The first thing you noticed when you got out on to the field was the mud. Man, it was muddy. Do you remember how muddy it was? Yeah. Proper muddy like the Somme. Wheats opted to run/slide downhill in the 1st half, which had a few mud-spattered highlights, including a nice try in the corner for following a great advantage from the referee (need more refs like this please). Solid control in attack and resolute defence were hallmarks of a commanding 1st half for the Wheats, who could count themselves unlucky despite heavy going to only earn another 2 penalties to add to Jonah’s try. With no reply from Alcester the Wheats had put themselves ahead 11 – 0 at half time.
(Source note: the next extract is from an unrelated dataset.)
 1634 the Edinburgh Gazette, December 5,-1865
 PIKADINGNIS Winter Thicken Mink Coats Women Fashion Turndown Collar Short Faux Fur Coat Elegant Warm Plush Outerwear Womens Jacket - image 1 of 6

After half time Alcester scored a bunch of tries then the game ended.
Then it was down to business as everyone got into their gear for the Christmas drink-off. Highlights included Mose and JB as Santa and his little helper (little helpers don’t get much bigger), the Santa-Stella-off between Mose and Superior Hands, Bobby dressed in his tux walking into the pub with Loachy dressed as a cow and asking for a table for 2, AB getting raucous with the Christmas decorations after winning a wine bottle race with Santa, PK trying not to cover everything he touched in blue smurf paint, Tequila toasts back at HQ and Deano’s clown costume seeming a little redundant.
In the end a good time was had by all, though there were a few sore heads the day after, the Wheats headed into the Christmas break for a deserved rest.